Advancements in radiative cooling structures for atmospheric water harvesting: A comprehensive review

Abstract

Atmospheric water harvesting (AWH) presents a promising technology to address global water scarcity concerns. Utilizing radiative cooling (RC) surfaces to condense atmospheric water vapor has emerged as an effective passive AWH method, requiring no external energy input. Recent advancements in scalable RC distributed particle or porous structures have proven their ability to cool surfaces below the dew point, enabling extensive AWH throughout the day. Furthermore, combining RC systems with other passive AWH technologies, such as sorption technology and morphology optimization, shows promise in increasing water yields and enhancing adaptability to diverse geographical conditions. Additionally, integrating RC technology with solar desalination systems extends water production into nighttime hours and optimizes vapor condensation throughout the day, further enhancing water yield.
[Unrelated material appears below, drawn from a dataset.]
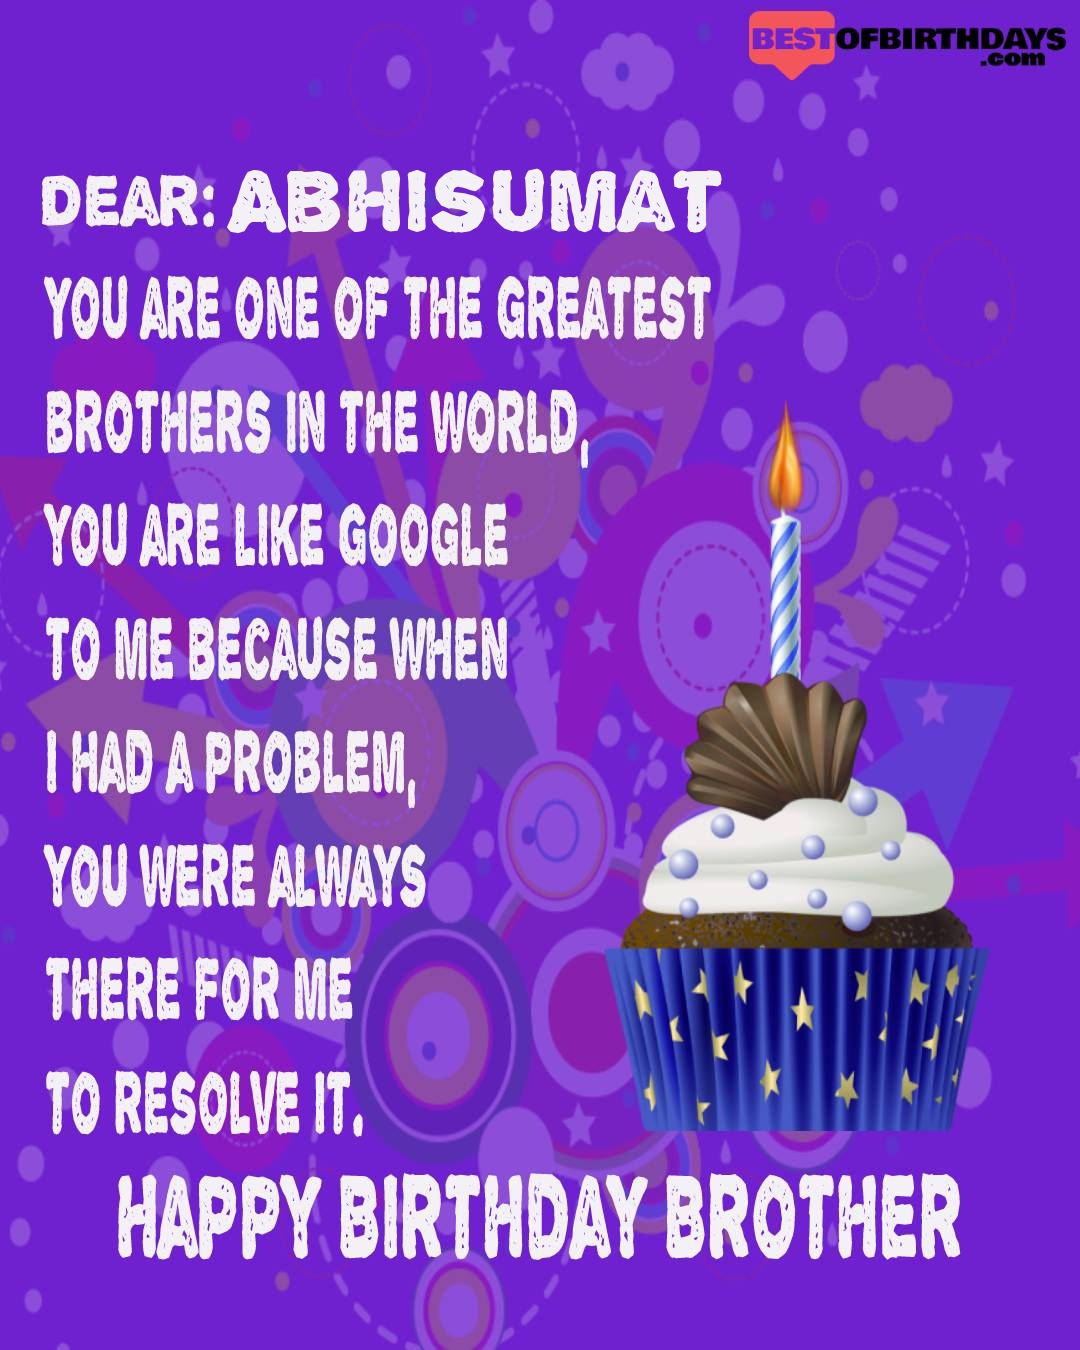 Happy birthday abhisumat bhai brother bro

This review offers a comprehensive examination and critical assessment of RC-based AWH technologies and their integration with other passive AWH methods and solar desalination approaches documented thus far. The study highlights significant potential for developing passive AWH technologies integrated with RC systems, demonstrating effectiveness across various geographical areas and climate conditions. Moreover, the review identifies existing research gaps, delineates future avenues for development, and discusses challenges that researchers in this field may face, especially concerning RC material and condenser structure development.